I tried posting the following over at Roy Spencer’s blog, but it has been stuck in modertion for three days. (it seems that the spam filter did not like the links)
Christopher Game, thanks your reply of September 22, 2010 at 12:26 PM , Concerning the potential feedback resulting from evapotranspiration. (E-T)
The IPCC has estimated in 4AR that the forcing for anthro’ CO2 is about 1.7 W/m^2, and that the net for all anthropogenic forcings is about the same value.
http://en.wikipedia.org/wiki/File:Radiative-forcings.svg
Adding to my earlier comment, according to Trenberth, 2007 levels of E-T resulted in a forcing of -78 W/m^2. Thus, without disputing his numbers, if (E-T) were to increase by say 1% in order to achieve some arbitrary increased water vapour level, there would be a feedback of -0.78 W/m^2, which is rather significant by comparison.
Dare I add that Trenberth also gives “Thermals” as another -24 W/m^2, and that I think that there should also be an increase in thermals too.
Add clouds, and how now to 2xCO2 sensitivity, I would think.
If you need it, the Trenberth chart is here:
http://www.flickr.com/photos/26175880@N05/3065365160/
What do you think?
barry says:
September 17, 2010 at 10:05 am
Now, if the stratosphere showed no cooling over a climatically significant period (25 years would do), then that would be a big problem for AGW. A cooling stratosphere IS a signature of AGW. If the sun was heating the atmosphere, the stratosphere would heat, too.
Over the long term, the stratosphere has been cooling.

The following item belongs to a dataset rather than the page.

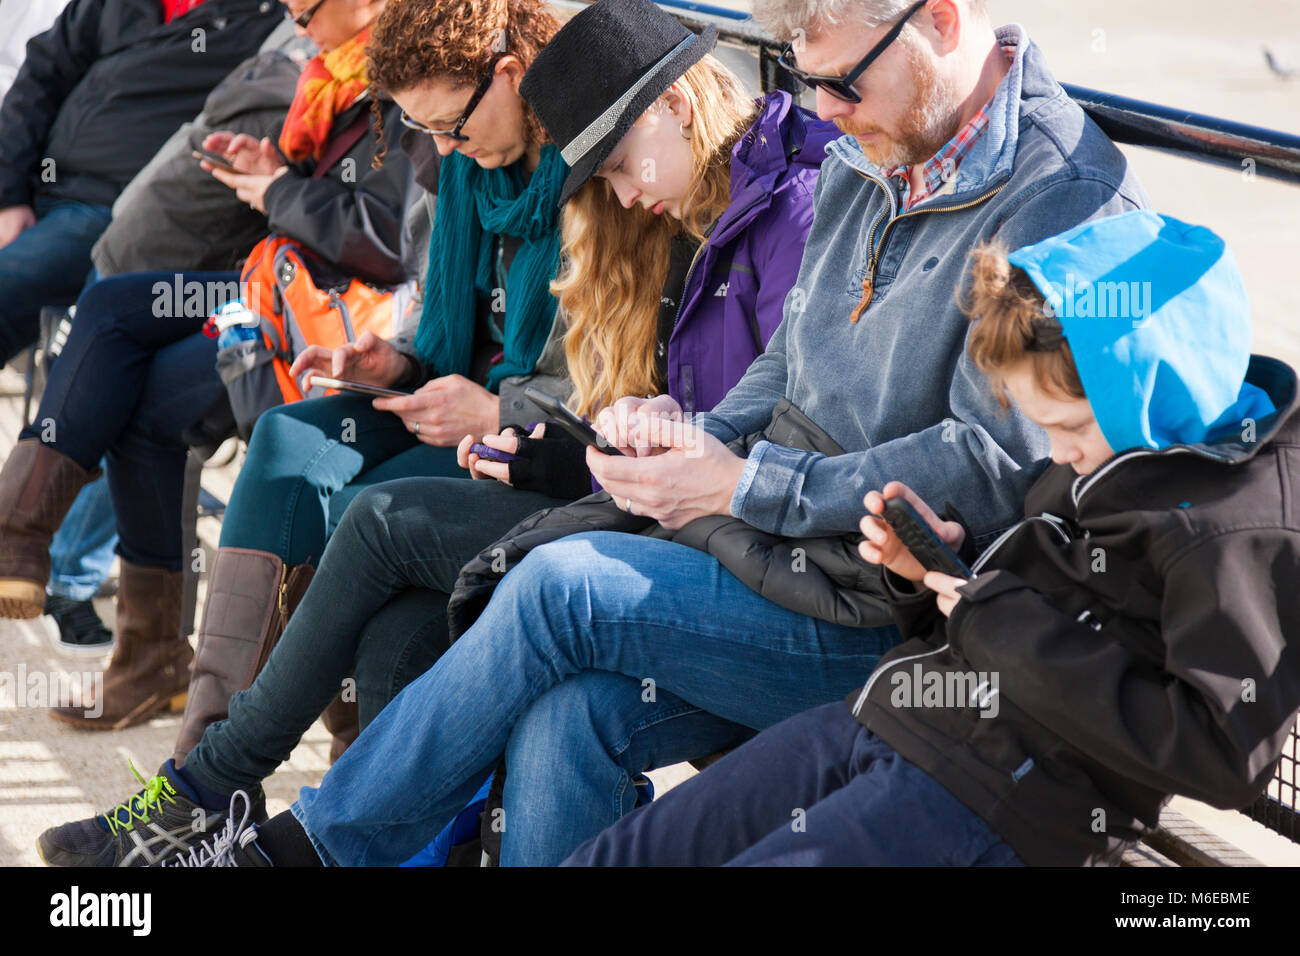 Assis sur un banc de la famille, qui sont tous en même temps à regarder leur téléphone mobile / Terminal / Terminaux, les sms ou le surf / à l'aide de web / internet. Banque D'Images
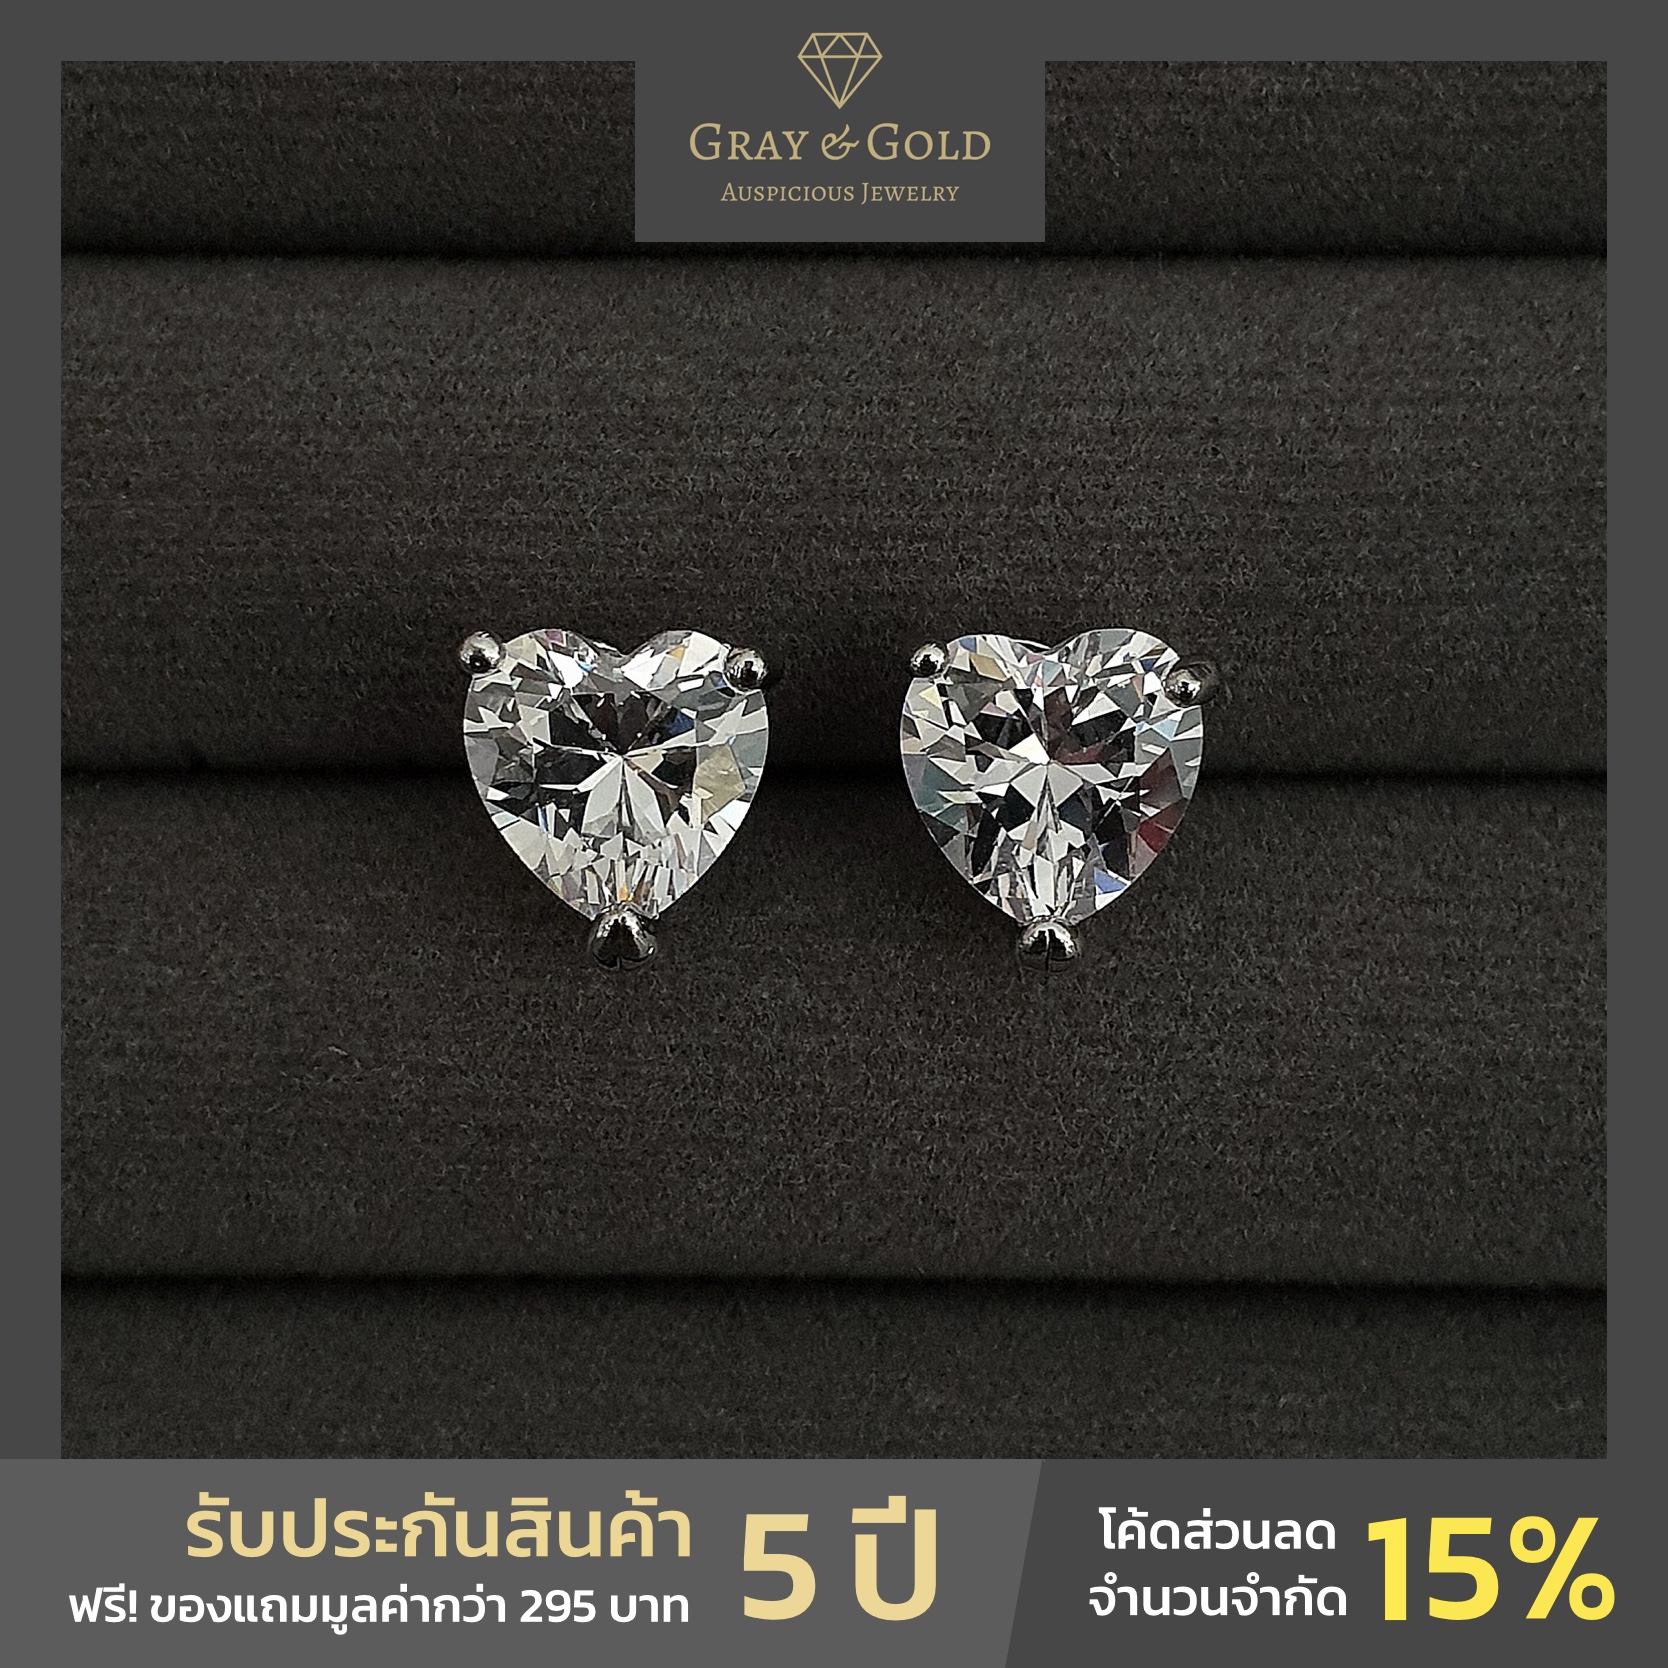 ต่างหูเพชรสวิส ทรงหัวใจ (Heart Cut Diamond) ชุบทองคำขาว 18k Gray & Gold Jewelry

“Scientific Assessment of Ozone Depletion: 2010
New analyses of both satellite and radiosonde data give increased confidence in
changes in stratospheric temperatures between 1980 and 2009. The global-mean
lower stratosphere cooled by 1–2 K and the upper stratosphere cooled by 4–6 K between1980 and 1995. There have been no significant long-term trends in global-mean lower stratospheric temperatures since about 1995. The global-mean lower-stratospheric cooling did not occur linearly but was manifested as downward steps in temperature in the early 1980s and the early 1990s. The cooling of the lower stratosphere includes the tropics and is not limited to extratropical regions as previously thought.